Красовский чертыхнулся и слез с мотоцикла. Я, не дожидаясь помощи, соскочила сама, понимая, что сейчас последует крутая мужская разборка. Не здороваясь, парень первым делом выпалил:

– У тебя совести вовсе нет, Леха! Что, другого места не мог найти, чтоб с бабой покувыркаться?

Красовский разозлился.

– Ты, Венька, совсем уже оборзел! Тебя вообще-то дома жена ждет! Не забыл еще?

– И что? – тот ничуть не смутился. – Сам-то типа влюбился по уши, а чего тогда баб катаешь? Да еще в такие места? Чай не городской бульвар. Ясно, для чего ты тут с такой кралей.

– Вот что, Венька, еще одно слово, и я тебе так вмажу, собственное имя забудешь! – зловеще предупредил разозленный Красовский.
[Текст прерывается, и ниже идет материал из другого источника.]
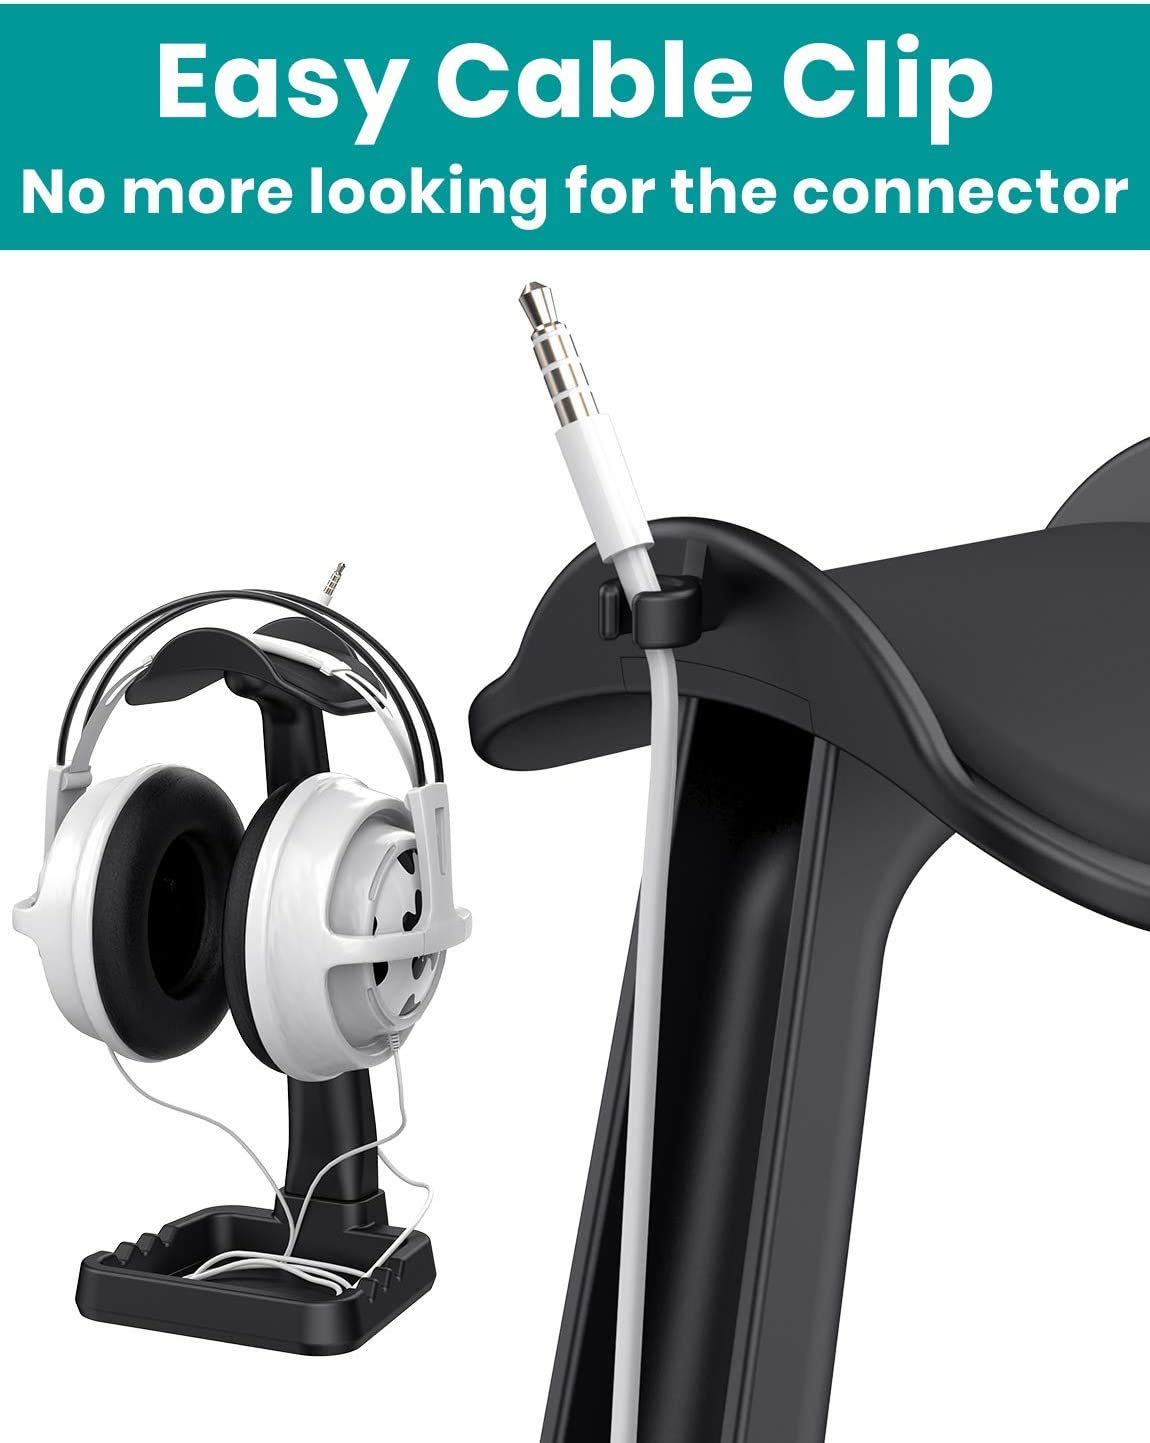 Headphone Stand Built in Cable Clip Organizer and Phone Holder, Klearlook (High stability/Multi-Purpose) Universal Headset Mount Hanger Gaming Headset Rack Desktop Organization Earphone Display-Black

Тот не поверил и язвительно предложил:

– Попробуй, кто против-то?

И тут же получил такой удар по скуле, что слетел с катушек как подкошенный. Склонившись над ним, Алексей зло предупредил:

– Учти, если ты еще гадости о моей невесте говорить станешь, я из тебя котлету сделаю! Наташке на этот раз ничего не скажу, но увижу или услышу еще раз, как ты с бабами валандаешься, молчать не стану. Понял, выхухоль недоделанный?

Тот, похоже, из всей этой гневной речи услышал лишь одно слово «невеста», потому что уставился на меня каким-то шальным взглядом, по-бабьи приложив руку к пострадавшей физиономии.

– А теперь дуй отсюда пташкой, а то у меня руки чешутся тебя покрасивше изукрасить! – деловито предложил Алексей, указав на дорогу.

Венька поднялся, все так же не сводя с меня глаз. Ему явно хотелось что-то сказать, но зловещее выражение лица Красовского заставляло его быть благоразумным. И хотя они с Лехой были в равных весовых категориях, но сцепиться с ним Венька не отваживался, похоже, считал себя неравным ему противником.

Быстро встал и побрел прочь, то и дело оглядываясь. Я принялась собирать ромашку, Алексей мне помогал, спросив, что нужно рвать. Вдвоем корзинку собрали быстро, и я подошла к байку, намереваясь ехать обратно.

Но у него были другие планы. Забрав у меня корзинку, он аккуратно поставил ее на землю возле байка и рывком притянул меня к себе.

– Что, решил подхватить эстафету из рук Веньки? – с некоторым ехидством спросила я у него.

– Я б с удовольствием, да кто ж мне даст? – это прозвучало у него весьма двусмысленно, но возмутиться я не успела.

Он мягко упал спиной на высокую траву, потянув меня за собой. Упав на его твердую грудь, я сначала испугалась, а потом засмеялась. Он тут же воспользовался этим, прижав мою голову и накрыв мои губы своим ртом. Парень был каким-то неимоверно горячим, его потряхивало, как в лихорадке.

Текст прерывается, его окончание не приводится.